Chi è Tisifone?
Tisifone, una delle tre temibili Furie della mitologia greca, era caratterizzata da una
chioma di serpenti simile a quella della Gorgone (come Medusa).
Nelle Metamorfosi di Ovidio, viene chiamata in azione da Giunone, che le ordina di
portare follia e caos nelle vite di Atamante e Ino. Questo atto di vendetta deriva
dall’ira di Giunone per il tradimento subito da Giove, che si era unito a Semele,
sorella di Ino.
Tisifone fa inoltre una comparsa iconica nel IX canto dell’Inferno di Dante,
confermando il suo legame con la punizione e la vendetta.

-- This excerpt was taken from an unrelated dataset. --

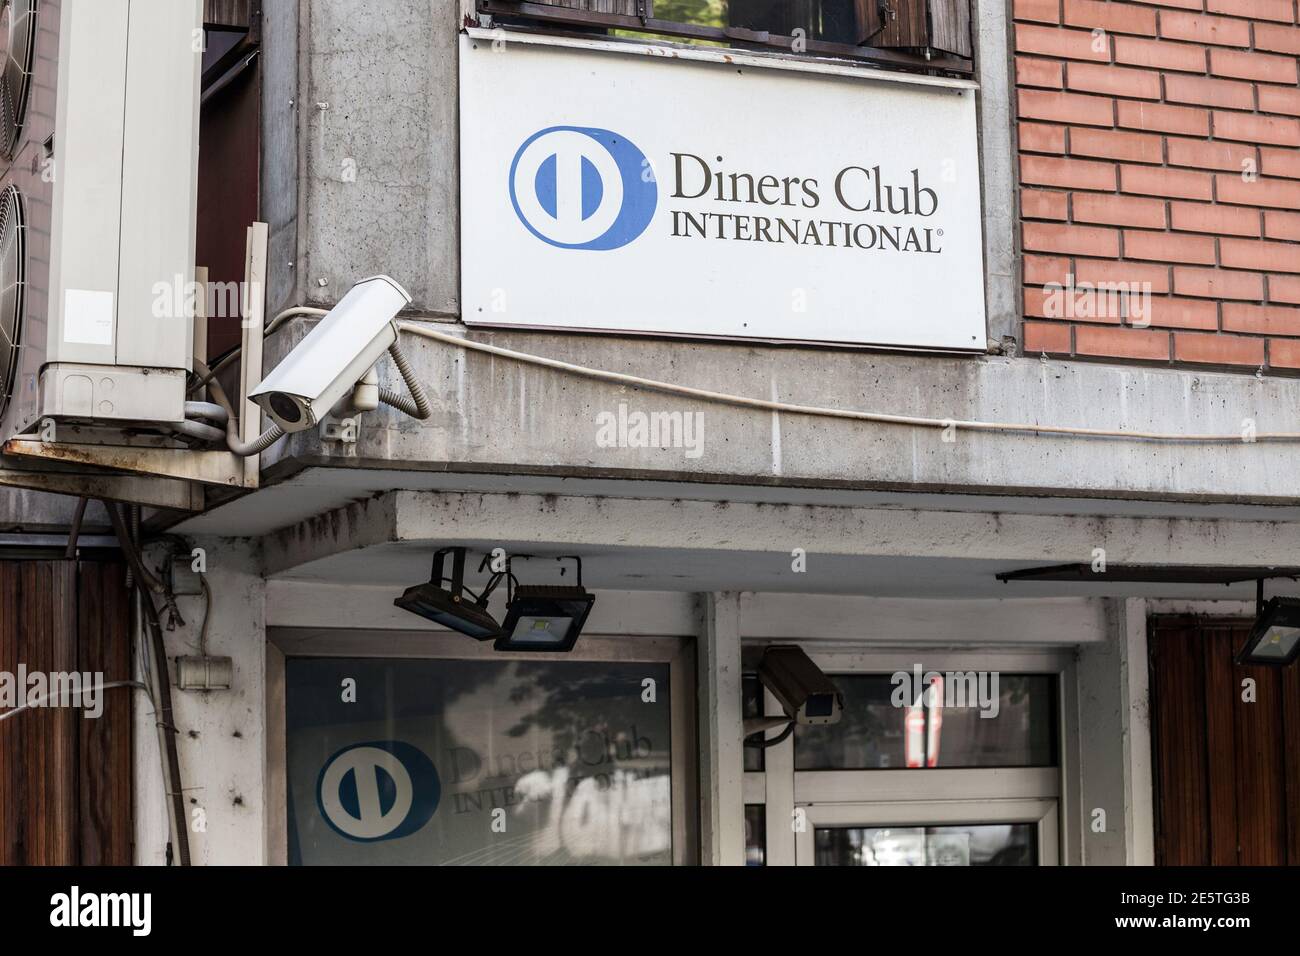 BELGRADE, SERBIA - JUNE 8, 2019: Diners club international logo in front of their office for Serbia. Diners club is a charge card and credit card comp Stock Photo

Nella mitologia greca e romana era incaricata di castigare i seguenti delitti di
assassinio: parricidio (uccisione del proprio padre), fratricidio (uccisione del
proprio fratello o sorella), matricidio (uccisione della propria madre) e omicidio.
Un mito racconta che si innamorò di Citerione, che uccise col morso di uno dei
serpenti presenti sul suo capo.
Nel VI libro dell'Eneide di Virgilio Tisifone è rappresentata come uno dei guardiani
dei cancelli del Tartaro.
Ne Il rapimento di Proserpina, Claudiano la pone a servizio di Plutone e la descrive
mentre chiama le ombre alle armi pronte a muovere guerra a Giove in caso egli non
concedesse una sposa al suo signore.